With that said, I'm impressed that Ryan did this instead of having a quarter life crisis like I did.

I guess his "stoic thoughtfulness" protects him from heartbreak.
Full disclosure, I did get into two schools in the fall which I am excited to attend.

How does that work? The whole lead in was specific about complete failure.

When I read "reverse college application" my first thought was of an application the college had to make to have the honor of the student's matriculation. Maybe they'd be accepted. Maybe they'd feel the sting of rejection, and they (in the form of their deans and presidents and regents or whatever) would start to question their own worth. Seemed like a cool idea, so I was rather disappointed to find that it was something else entirely.
The whole "getting into college" thing in the US sounds awful. I'm glad I did it elsewhere.
Go to plumbing trade school! College really isn't anything special now adays, and plumbers have better job security and make more than most college grads I know.
You seem like a self-starter. So consider taking a year off, moving to a cool city, and just getting a job in an industry that interests you. Try to move up the ladder. Try a bunch of stuff. If you're getting some traction, just stick with it--you might be way better off than your friends in 4 years (real work experience and no debt). If not, you can try applying to college again in a year or two.

Good luck.

I applied to colleges back in 2006/7. Did something drastic happen to college application competitiveness in the last decade or so? I'd understand getting only rejections if he only applied to Ivys or something; but, I have a hard time accepting that he's anywhere outside of the caliber of the top 10% of applicants. Is it because of the degree programs he applied to?
I'm not super impressed by his stats, I had a better class rank and GPA and SAT and I was never elite school material but his extra-curriculars are pretty good. The problem being that most of these schools want an overarching theme in their application.
Poor kid. No, literally. He must be a poor kid. Otherwise, his parents would have just bought his way in, right?
I'm not sure this is the proper forum for this content. Appreciate the effort though, great job
Hi all, thank you for the thoughtful comments. I apologize — this might not have been the best forum to share this. Regardless, thank you for reading my story. I wish you all the best.
Did he really put "Stanford" into his common app essay? If so, that explains why all the other top colleges rejected him.
How pretentious
"Modeling my it off of"
> Full disclosure, I did get into two schools in the fall which I am excited to attend.

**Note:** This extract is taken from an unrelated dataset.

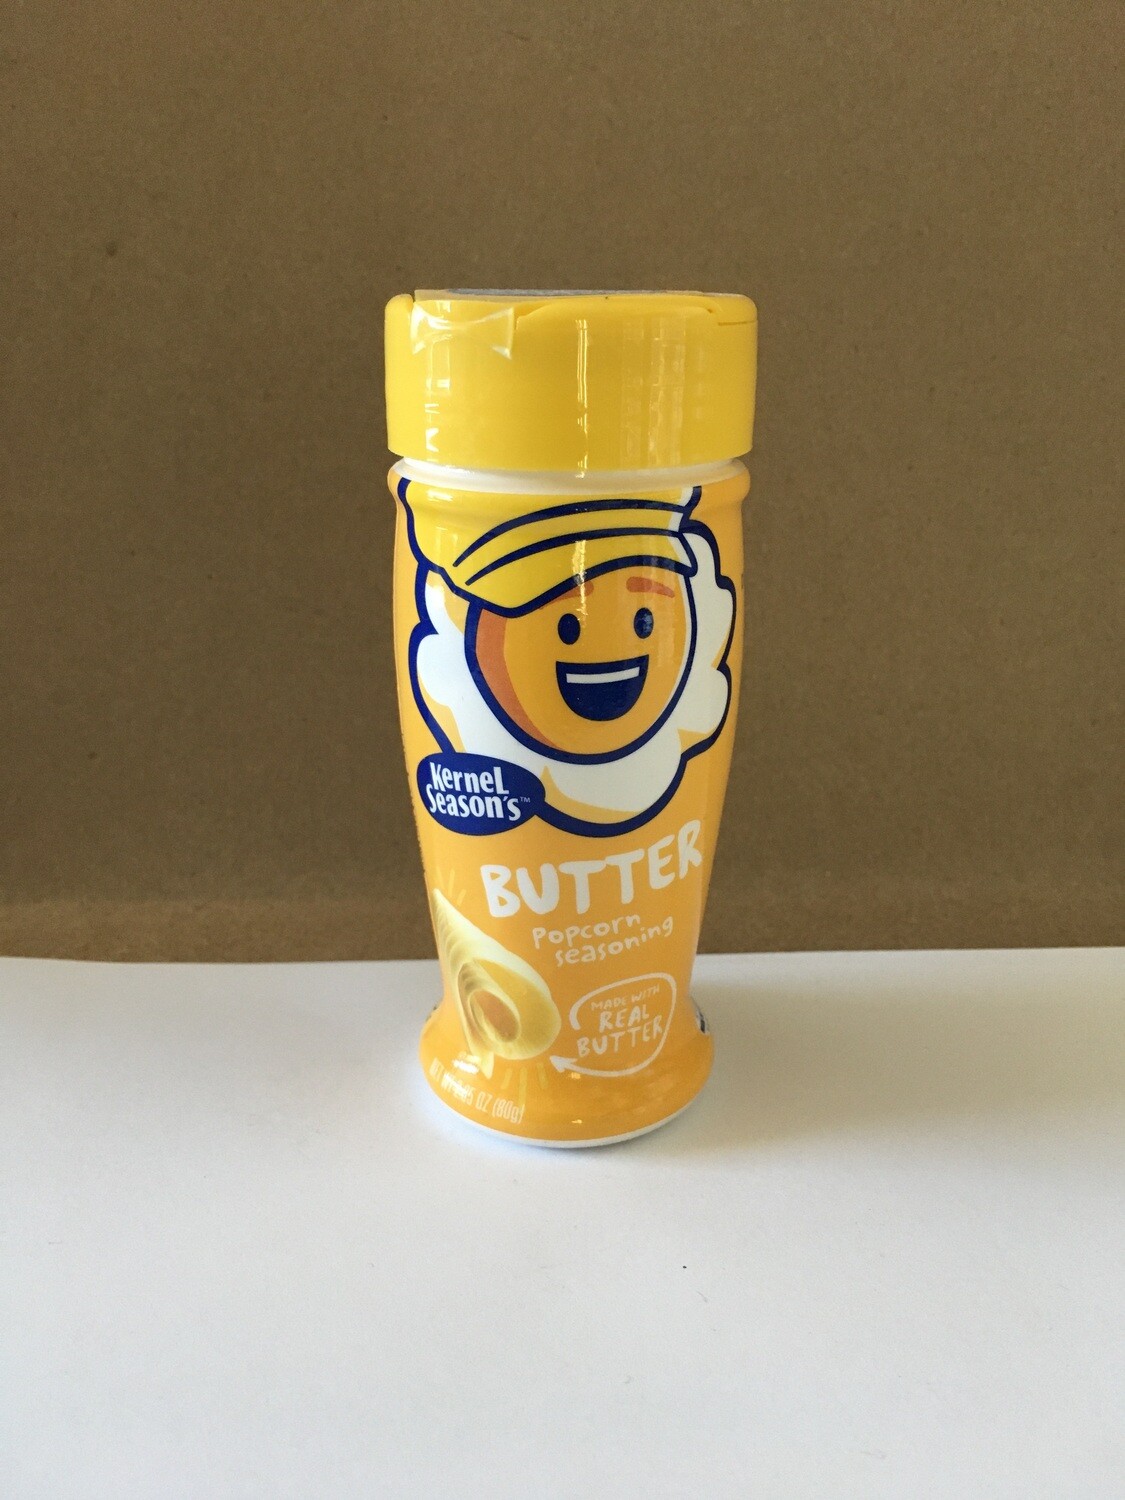 Grocery / Snack / Kernel Seasons Butter

Oh man, my eyes couldn't possibly be rolling harder back in my head.

Just go to a state school like a normal person.
I actually sort of agree; it comes out that he did, in fact, get in to a number of schools and he concedes that even if he'd gotten into one of his desired schools he would still have written something like this.

It might make sense to do this kind of thing as a personal reflection or inducement to growth, but the article itself makes the author seem mostly self-aggrandizing and smug.

But I was a real shit -- probably worse, honestly -- at 18, so who am I to judge the form that this reflection takes?

Yeah, a part of me agrees because I did it and never intended to go to an elite school (I was never good enough!) but at the same time it's still a more constructive way of handling rejection than I did so I can't really complain.
You could even go to a community college then transfer to a posh university for your final year or two.
What an absurdly unhelpful comment.

There's nothing abnormal about you Ryan. I hope you find something interesting and educational to do. I'm excited to see where you end up.

Nothing unhelpful about the comment. There are some excellent state schools: Georgia Tech, Penn State, UMass, Virginia Tech, just to name a few. The education is top-notch, the rest is indeed what you make of it.
"There's nothing abnormal about you Ryan".

What a horrible thing to say to someone! That is equivalent to saying "You are not unique in any way Ryan".